By Chanyaporn Chanjaroen - Aug 12, 2010 5:47 AM PT


Copper may fall for a third day in New York and London amid concern that uneven economies in China, the U.S. and Europe will crimp demand for industrial metals.

European industrial production unexpectedly declined in June, led by a drop in durable consumer goods such as home appliances, figures showed today. The pace of recovery in the U.S. is likely to be “more modest” than forecast, the Federal Reserve said this week, and figures showed that Chinese industrial output rose the least in 11 months.

“People are still worried about the economic outlook,” David Thurtell, a strategist at Citigroup Inc. in London, said today by phone. “The fear is overdone.”

Futures for September delivery were little changed at $3.2535 a pound at 8:30 a.m. on the Comex in New York, after gaining as much as 0.6 percent and sliding as much as 0.7 percent. Copper for delivery in three months rose 0.1 percent to $7,210 a metric ton on the London Metal Exchange.

Output in the economy of the 16 nations that use the euro dropped 0.1 percent from May, when it increased 1.1 percent, the European Union’s statistics office said today. Economists had projected a gain of 0.6 percent, the median of 32 forecasts in a Bloomberg survey showed.

Europe consumes 20 percent of global copper output and 15 percent to 25 percent of aluminum, zinc, nickel and lead production, according to Barclays Capital. Copper is among raw materials used by appliance makers such as Whirlpool Corp. and Electrolux AB.

Dollar Erases Slide

Copper also fluctuated as the dollar erased a drop. The U.S. Dollar Index, a six-currency gauge of the greenback’s strength, added as much as 0.6 percent. A stronger dollar makes metals priced in the currency more expensive in terms of other monies.

“Price weakness is also on the back of a dollar rebound,” Citigroup’s Thurtell said.

Copper is down 2.3 percent this year after more than doubling in 2009. Only nickel and tin have gained among the six main metals traded in the LME. The dollar index is up 6 percent in 2010.

“I think there will be further losses,” Thurtell said. He suggested buying copper at prices about 5 percent below current levels, or about $6,845 a ton for LME metal.

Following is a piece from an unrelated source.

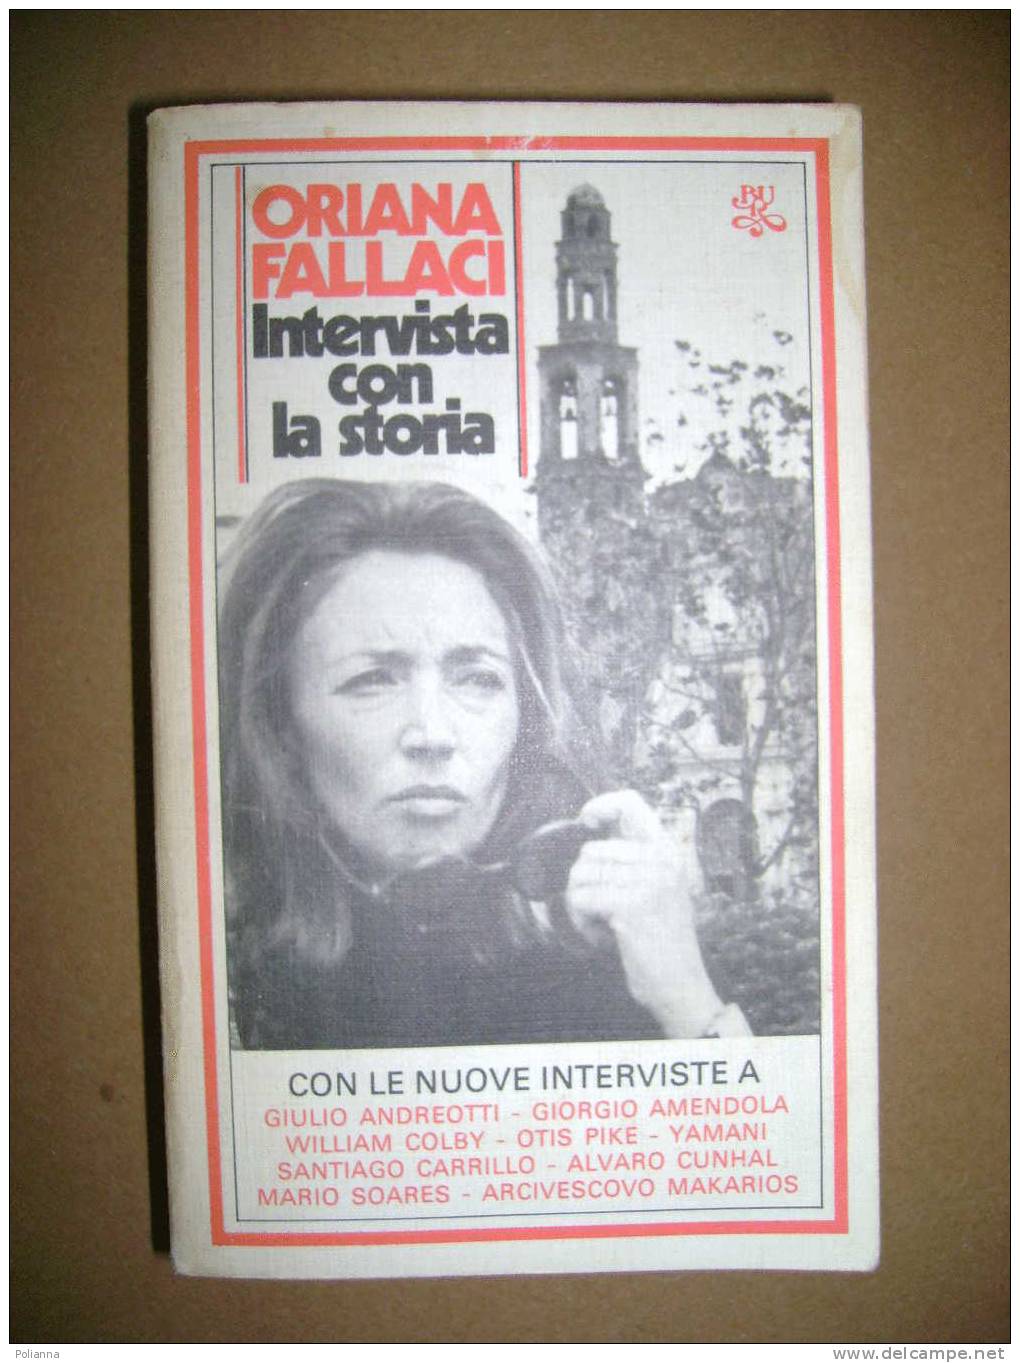 PAC/20 Oriana Fallaci INTERVISTA CON LA STORIA Bur Rizzoli 1980 - Journalism

LME-monitored copper stockpiles expanded 0.7 percent to 409,075 tons after six declines in a row. Canceled warrants, or orders to draw metal from LME-registered warehouses, rose 2 percent to 21,900 tons.

12 Days of Usage

Including metal tracked by exchanges in Shanghai and New York, copper inventories totaled 604,344 tons, or about 12 days of global consumption based on Royal Bank of Scotland Group Plc’s estimate for demand this year of 18.2 million tons. That’s down from almost 14 days at the start of 2010.

Premiums to the LME cash price for copper paid by Chinese importers fell as low as $70 a ton on a cost, insurance and freight basis to Shanghai this week, according to Grace Qu, a consultant at researcher CRU in Beijing. That was the lowest since April.

“In a market that has become concerned again about an economic slowdown, these signals from the physical market may shake confidence and pressure prices again,” Barclays Capital analyst Gayle Berry in London wrote in a daily report.

Aluminum for three-month delivery on the LME rose 0.1 percent to $2,144 a ton and zinc was little changed at $2,037 a ton. Tin added 1.5 percent to $20,150 a ton, nickel fell 2.3 percent to $21,200 a ton and lead was unchanged at $2,065 a ton.